Significantly, the act provides in section 1752 that its provisions are not exclusive, that the remedies provided therein shall be in addition to any other procedures or remedies provided for in any other law, and that nothing in the act shall limit any other statutory or any common law rights to bring class actions. However, class actions by consumers brought under section 1770 of the act (which lists certain unlawful deceptive practices) must be brought under the provisions of the act. The statute applies to suits filed on or after January 1, 1971. (§ 1756.)
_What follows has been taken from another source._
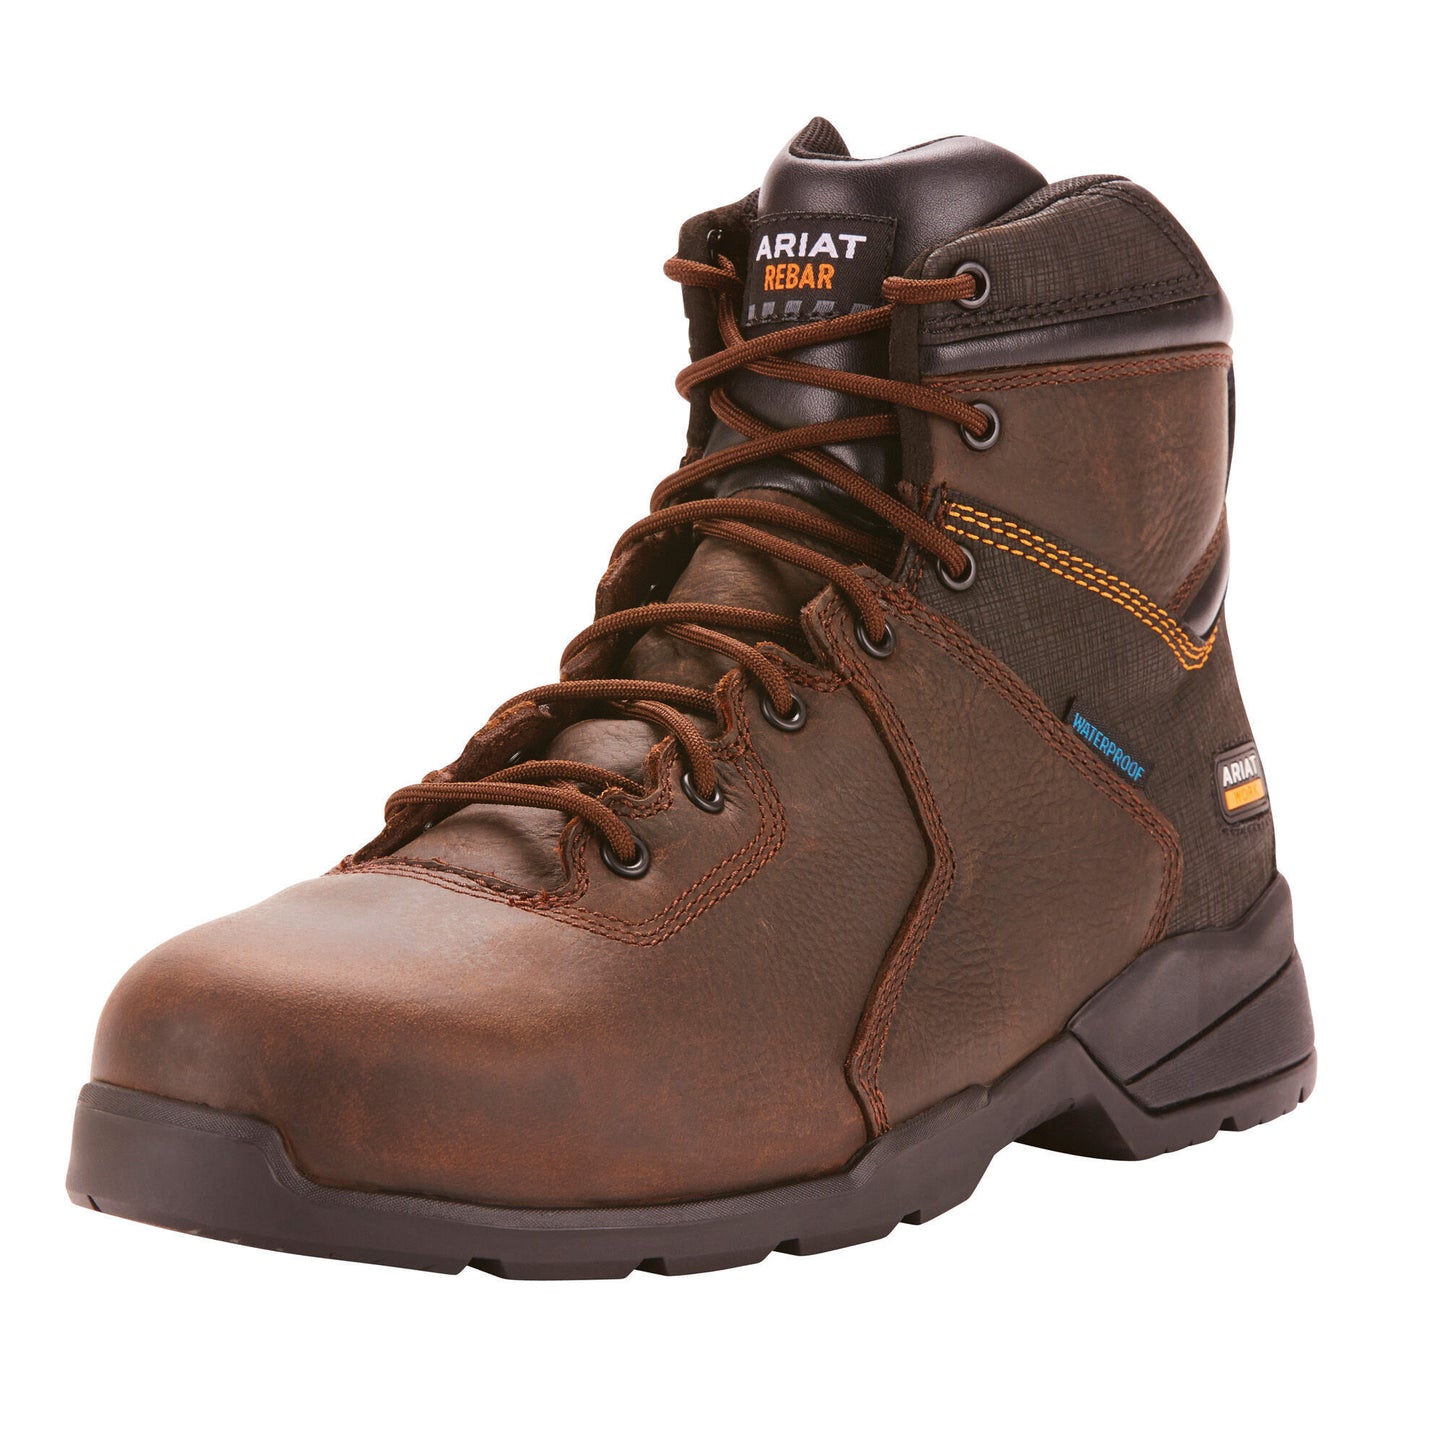 Ariat Men's Rebar Flex Protect 6" Waterproof Carbon Toe Work Boot - Dark Brown

 The Legislature thus made it abundantly clear that consumer class actions allowable under any other provisions of law are not affected by the act. (See Reed, Consumer Legislation (1971) 2 Pacific L.J. 1, 9.) We could not possibly hold, in the face of such legislative declaration, that public policy considerations compel refusal to entertain consumers' class actions which may be maintained under other provisions of law. Moreover, the present case arose prior to the effective date of the act and would, therefore, be unaffected by its limitations.
Beneficial contends, however, that the act contains important protective procedures for defendants and that if we hold a consumer class action may be maintained under section 382 of the Code of Civil Procedure without regard to these protective provisions, no plaintiff will choose to sue under the act and submit to its safeguards. Thus, it is claimed, the act would be rendered nugatory.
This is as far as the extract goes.